Pictures stay out of the output. Return exactly the lines below from the one with "Hay acuerdo para" down to the one with "Weihnachtsbrief Avantgarde 1318224", both included, and nothing more.

START PROVIDED DATA

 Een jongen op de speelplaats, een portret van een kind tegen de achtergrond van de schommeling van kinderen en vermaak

END PROVIDED DATA
START PROVIDED DATA

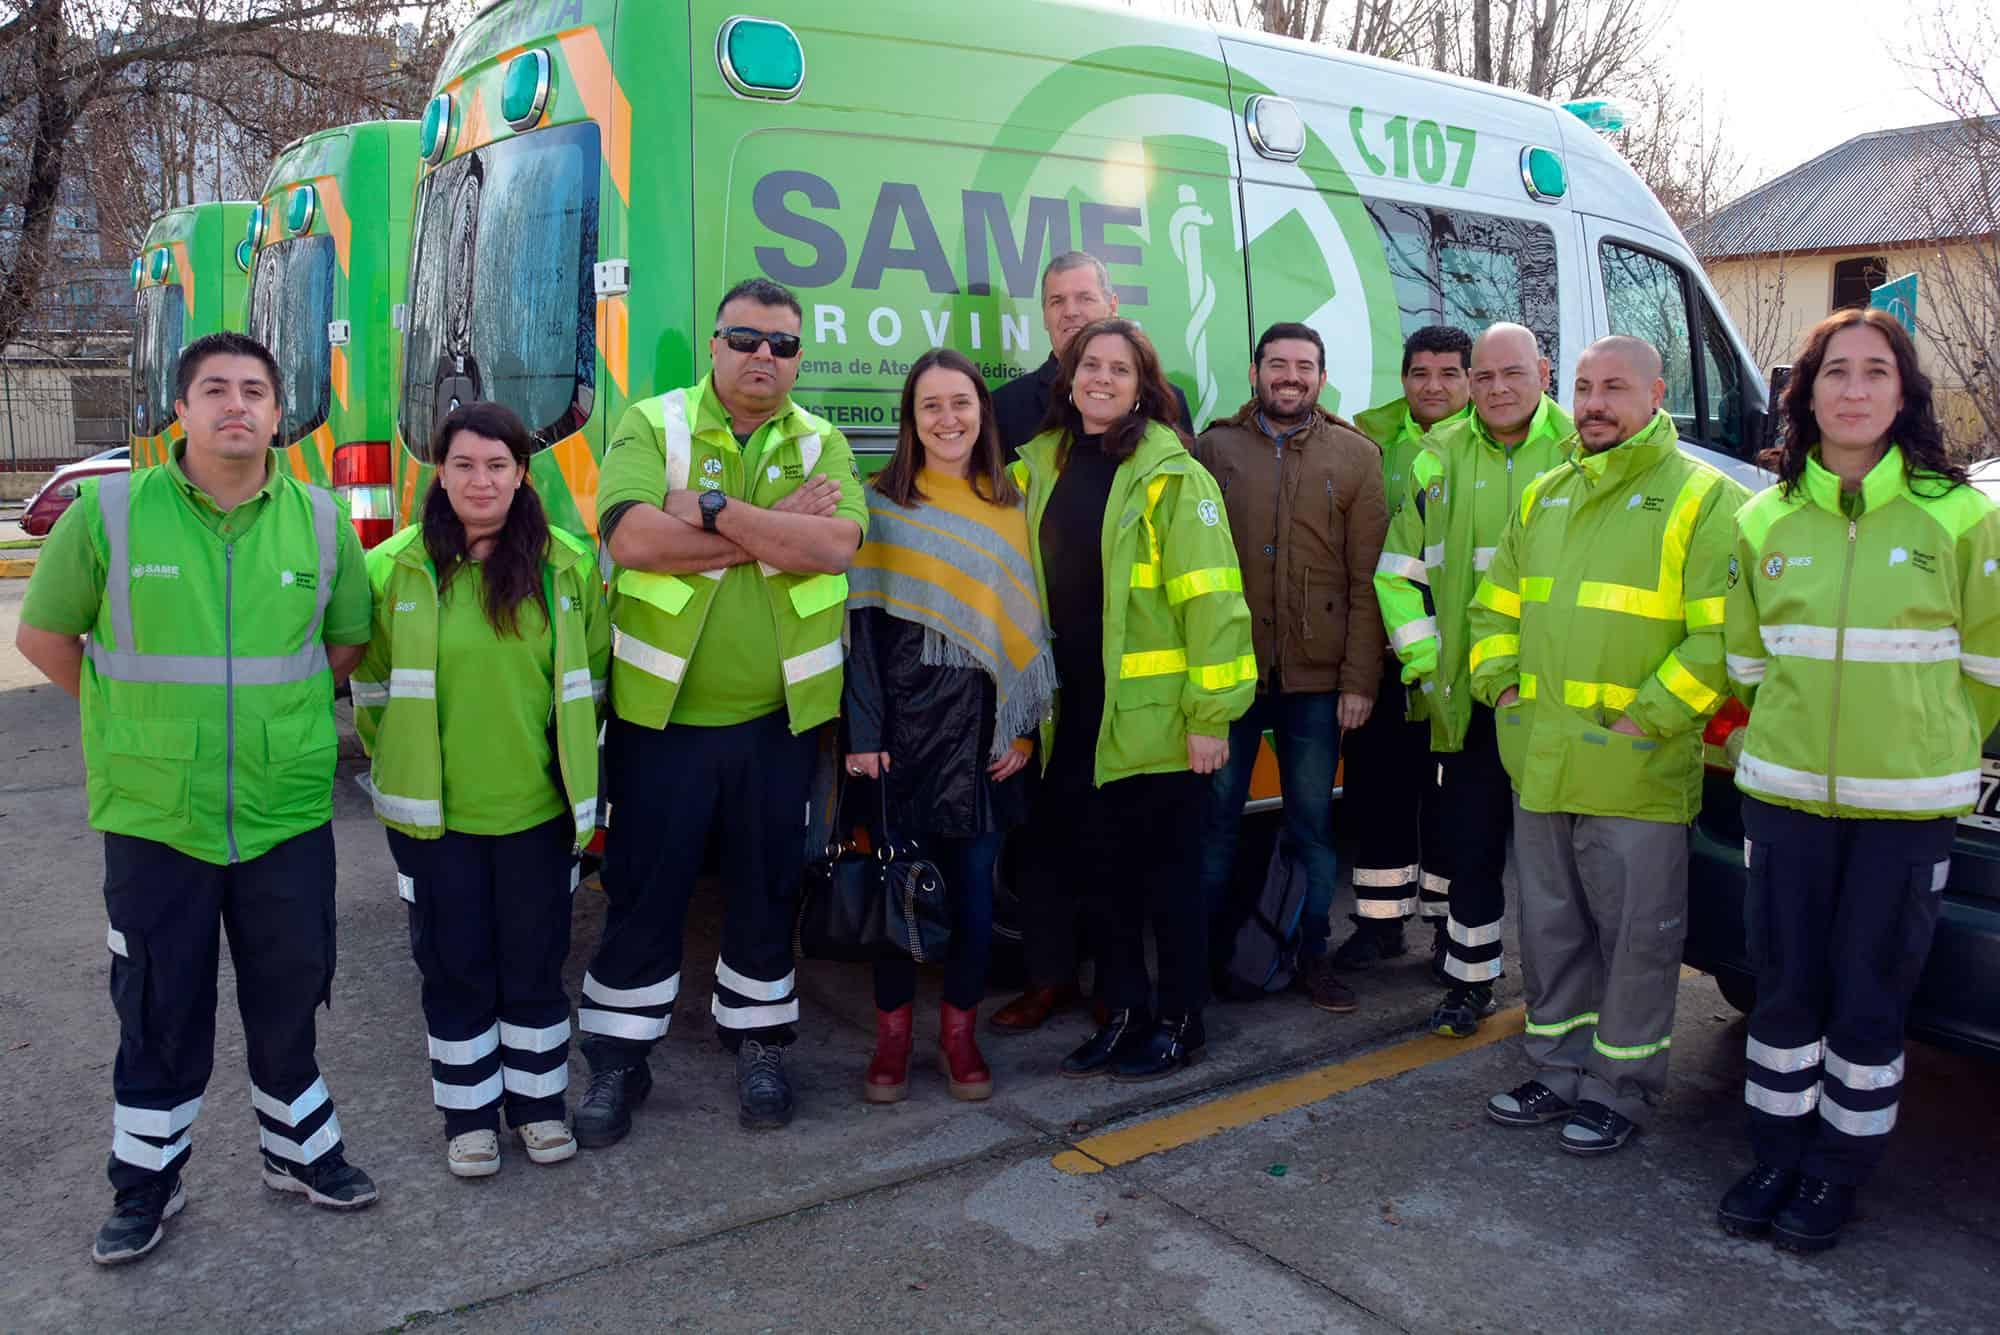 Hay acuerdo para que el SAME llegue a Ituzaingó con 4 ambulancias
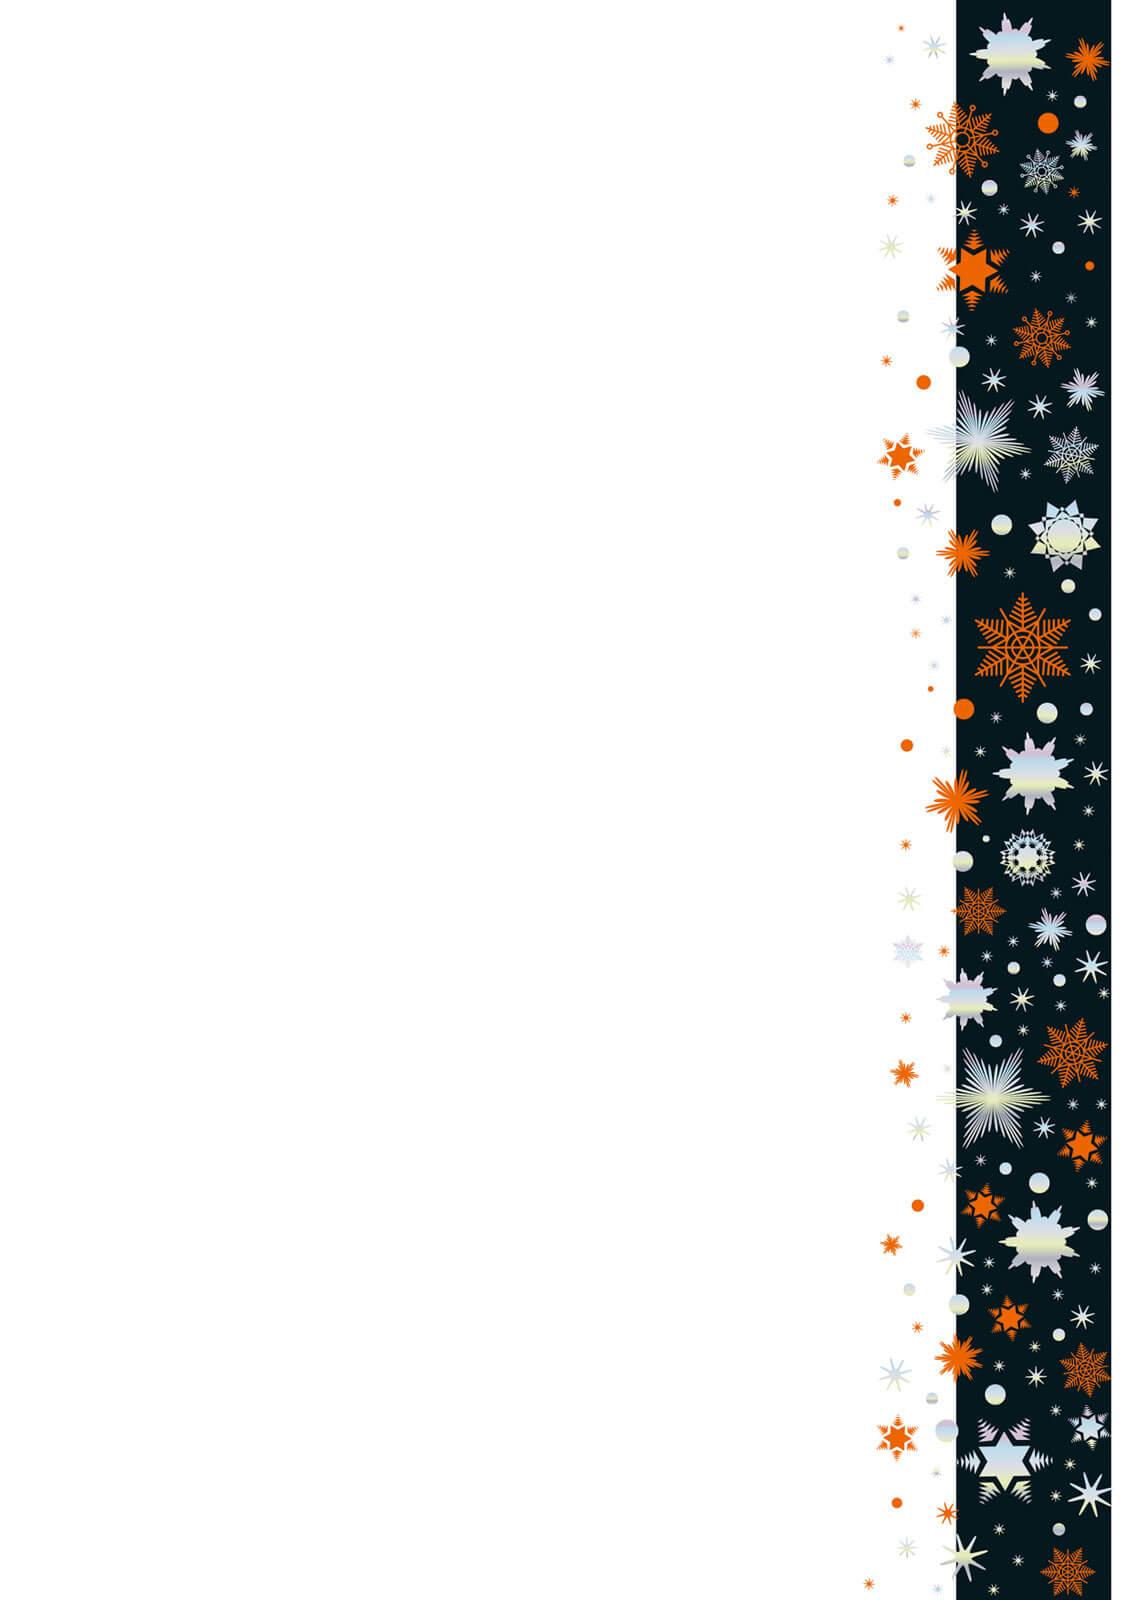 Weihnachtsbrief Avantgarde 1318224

END PROVIDED DATA
START PROVIDED DATA

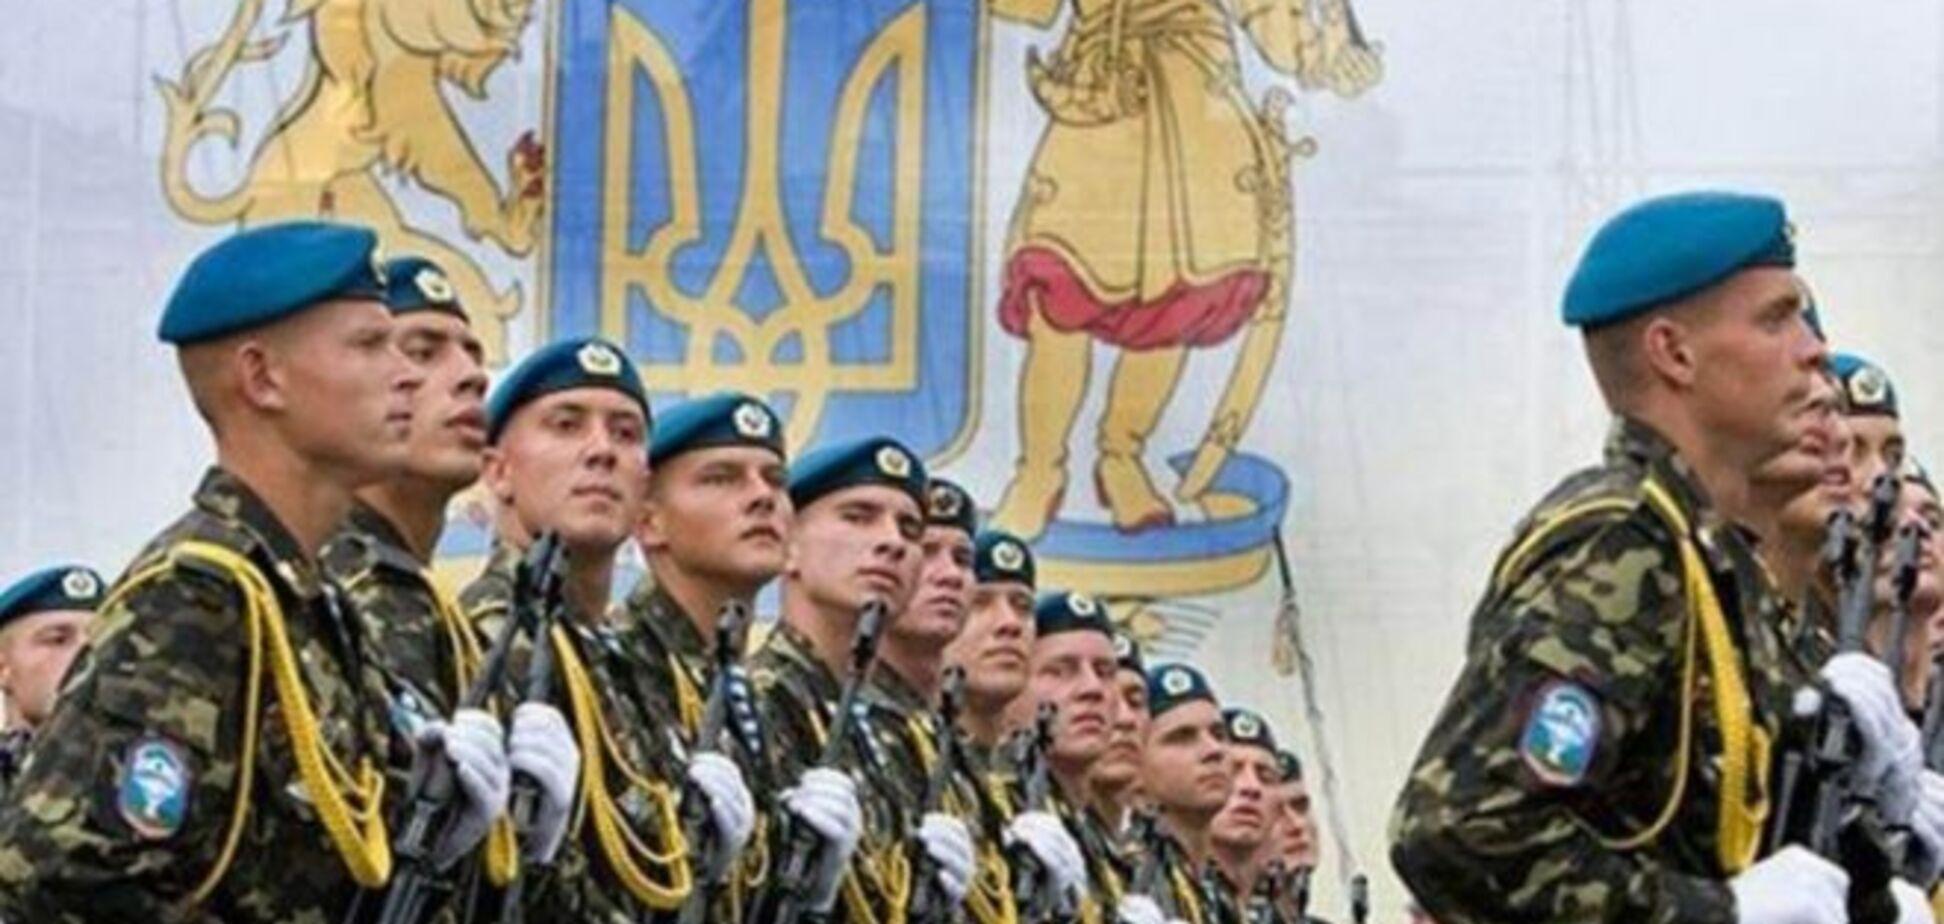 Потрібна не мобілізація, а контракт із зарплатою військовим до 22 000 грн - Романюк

END PROVIDED DATA

ANSWER SECTION:
 Hay acuerdo para que el SAME llegue a Ituzaingó con 4 ambulancias
 Weihnachtsbrief Avantgarde 1318224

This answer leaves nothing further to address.